Простые слова произвели впечатление разорвавшейся бомбы. Все три следователя, вздрогнув, повернулись ко мне с немым вопросом на лицах. Чего это они?
В конце концов, нет ничего необычного в том, что женщина пользуется помадой, пусть даже и цвета яркой киновари.
— Это правда? — спросил прокурор, как мне показалось, с укором.

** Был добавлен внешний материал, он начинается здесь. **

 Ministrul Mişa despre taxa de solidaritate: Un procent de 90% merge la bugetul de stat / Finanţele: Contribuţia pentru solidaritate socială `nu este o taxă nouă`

— Правда, — ответила я, все еще не понимая их волнения. — Я одолжила ее Янеку специально для этой цели. Пускай, мне не жалко, хотя помада импортная, французская, но уж очень цвет у нее глупый, так что мне не жалко. Я очень редко ею пользуюсь.
— Можете ее показать?
— Пожалуйста, даже отдать. Мне не жалко…
Изъяв помаду, следственная группа удалилась, оставив нас в состоянии полного недоумения. Мы переглянулись, ничего не понимая.
— В чем дело? — не выдержал Януш. — Признавайтесь, что вы схимичили с этой помадой?

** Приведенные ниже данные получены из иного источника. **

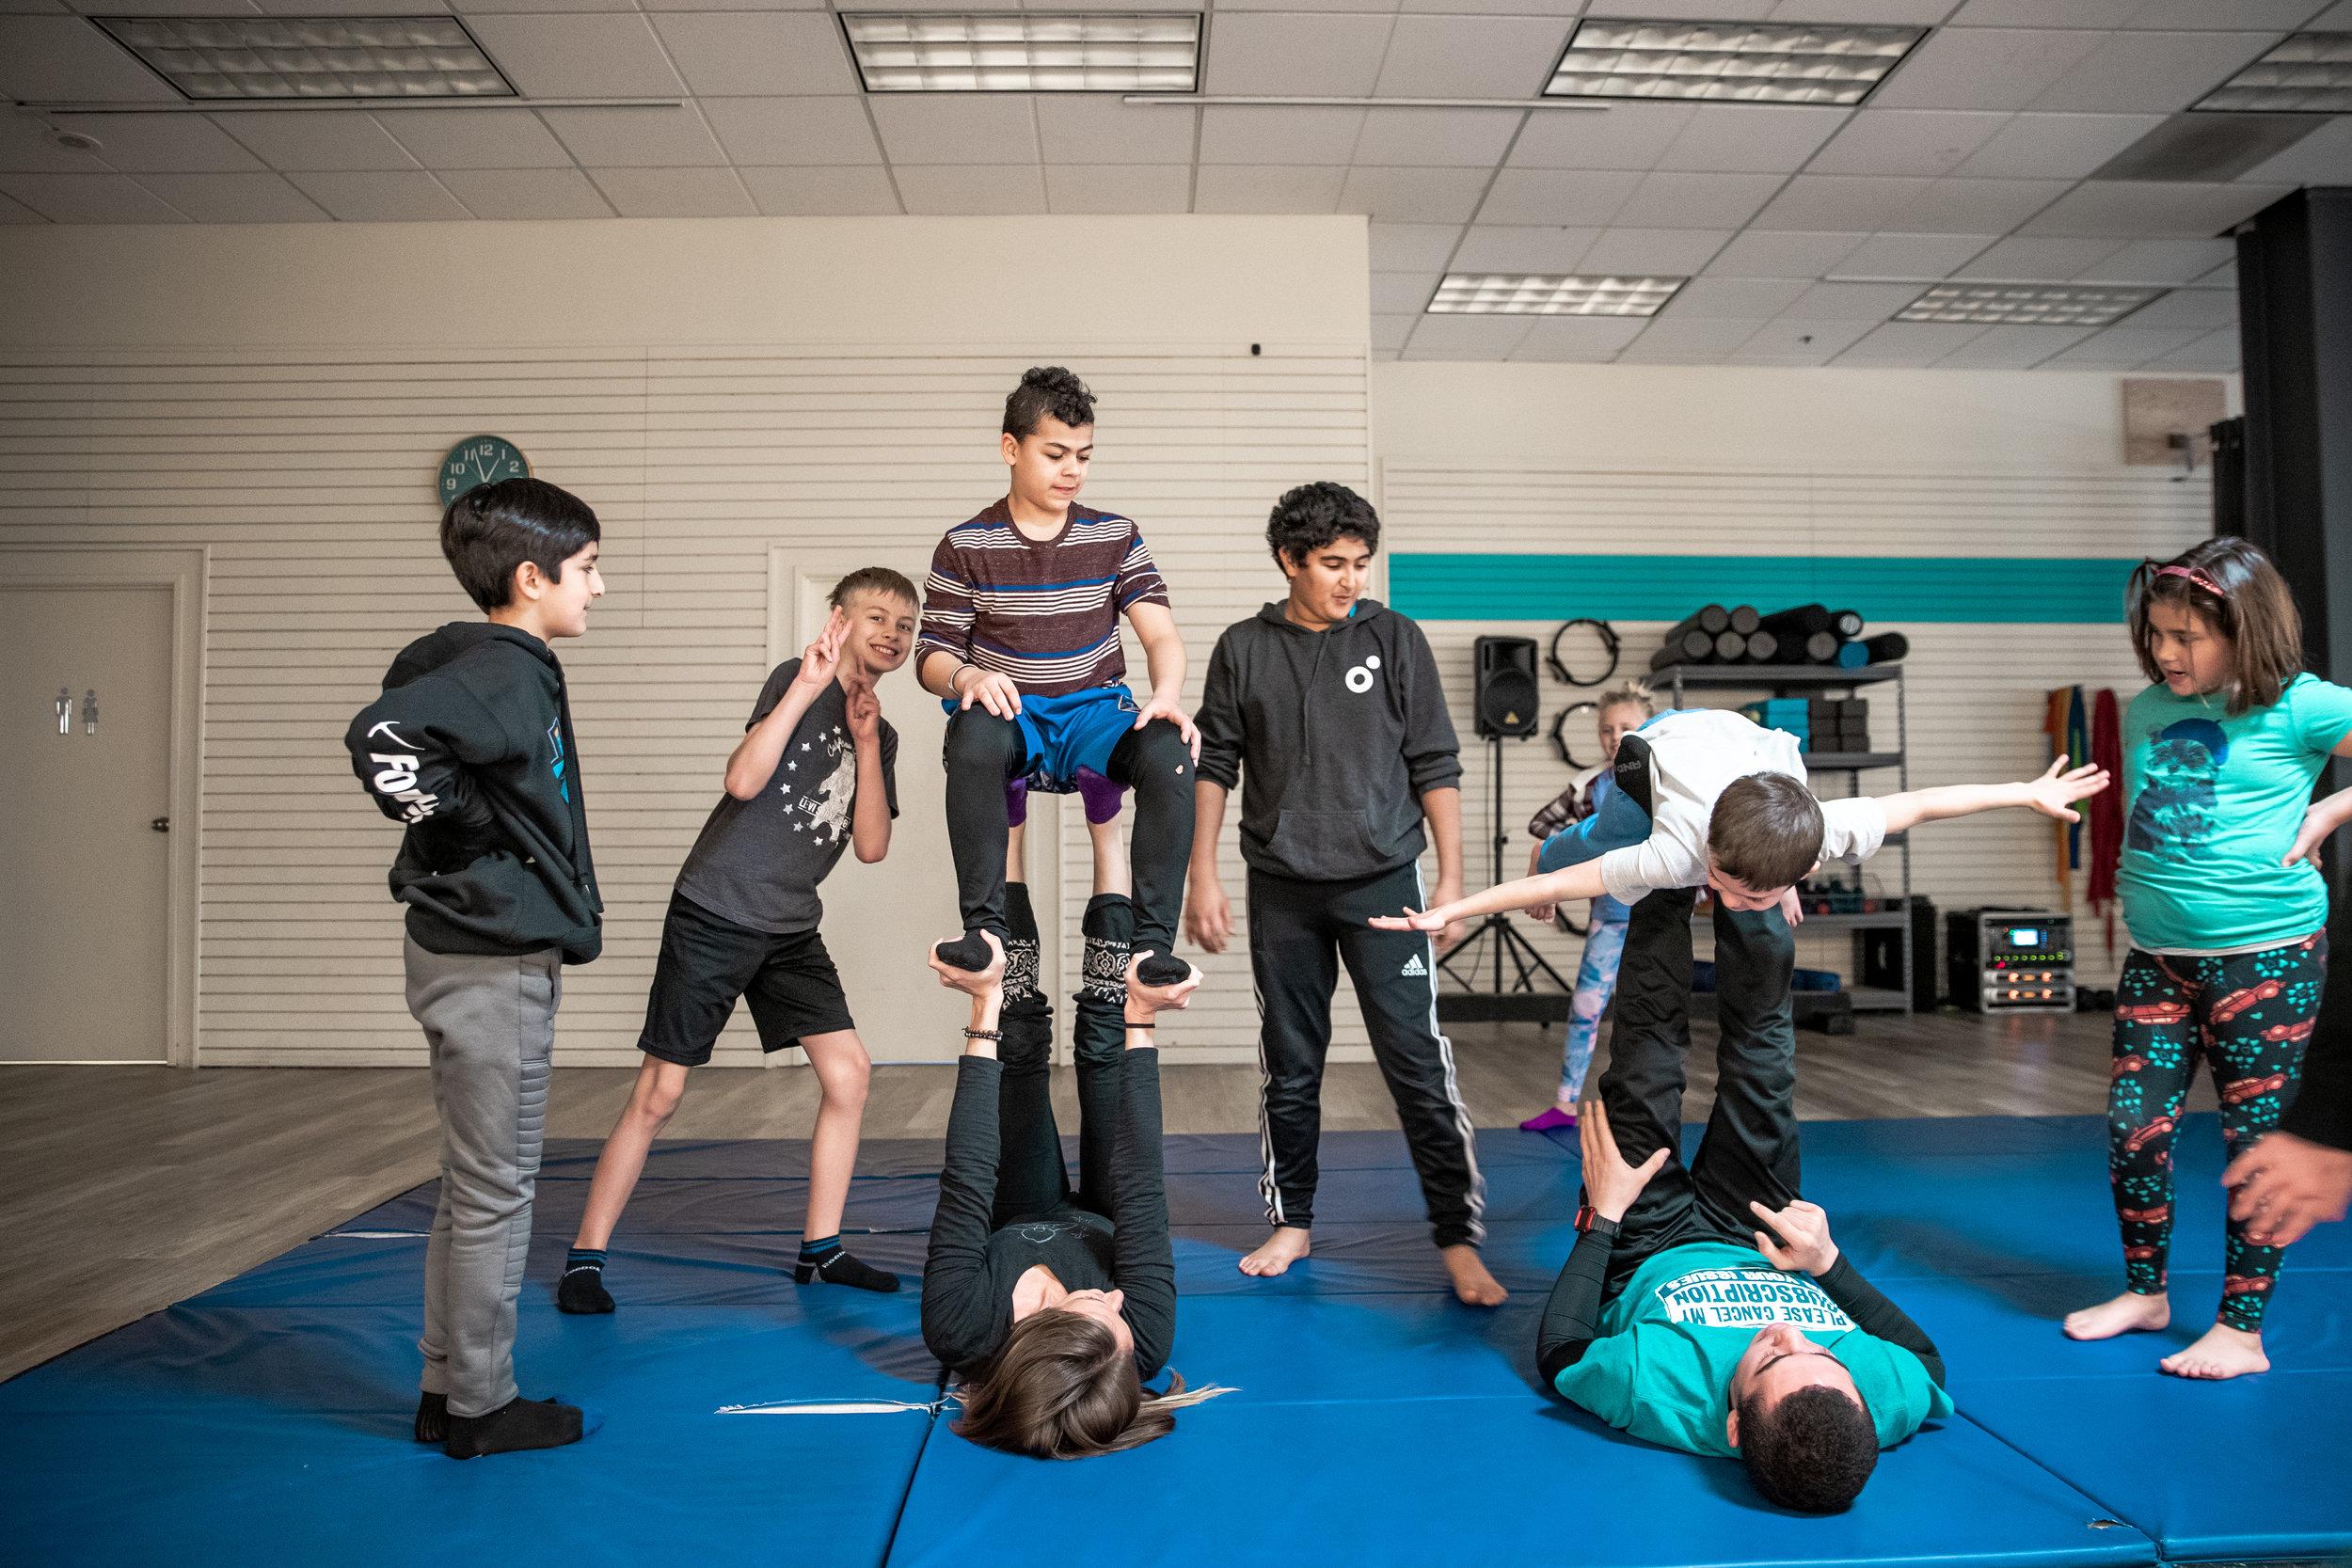 acro yogis -

— Так вам и надо! Нечего было портить картину! — мстительно радовался автор.
Витольд только задумчиво качал головой, возвращаясь на свое место.
— Не нравится мне это, — бормотал он. — Ох не нравится. Что-то у них на уме…
Через минуту меня вызвали в конференц-зал. Трое мужчин сидели за столом и осуждающе глядели на меня.
— Может ли уважаемая пани сказать, что это? — спросил капитан, указывая на лежащий на столе предмет.
Предмет явно был большим носовым платком, мужским, в голубую и белую клетку. Нашли носовой платок убийцы?
— Если меня не обманывают глаза, это мужской носовой платок, — осторожно ответила я.
— Чей?
— Не знаю. Вижу его первый раз. Наверное, это тот самый платок, который вы искали.
После моего благодушного ответа воцарилось отнюдь не благодушное молчание. Затем последовал новый вопрос:
— Когда вы последний раз пользовались своей помадой?
— Трудно сказать, давно. Вероятнее всего, ранней весной. Из всех моих одежек к этой помаде подходит только одна-единственная рыжая кофта, которую я могла надеть где-то в начале весны.
— А случайно не три дня назад?
— Исключено, кофту надеваю, когда холодно. А просто так красить губы в этот цвет я не стану, не хочу выглядеть как пугало.
— Останетесь здесь. Сядьте вон на тот стул.
Чрезвычайно заинтригованная и немного встревоженная, я уселась на указанное место. Прокурор явно избегал моего взгляда.
В зал вошла Алиция. Ага, и ее вызвали! Наконец-то я смогу подслушать, что на допросах говорят другие.
Алиция, войдя, равнодушно взглянула на меня и села на предложенный ей стул. Платок от нее спрятали.
С Алицией беседовали на косметические темы. Показав ей помаду, прокурор поинтересовался, чья она. Алиция со вниманием осмотрела помаду мазнула себя по руке и задумалась.
— Трудно сказать, цвет уж больно того… У Анки похожий, но вроде посветлее. Моника? Нет. — И, с сомнением посмотрев на меня, неуверенно произнесла: — Может, Иоанны?
— Когда пани Иоанна пользовалась ею последний раз?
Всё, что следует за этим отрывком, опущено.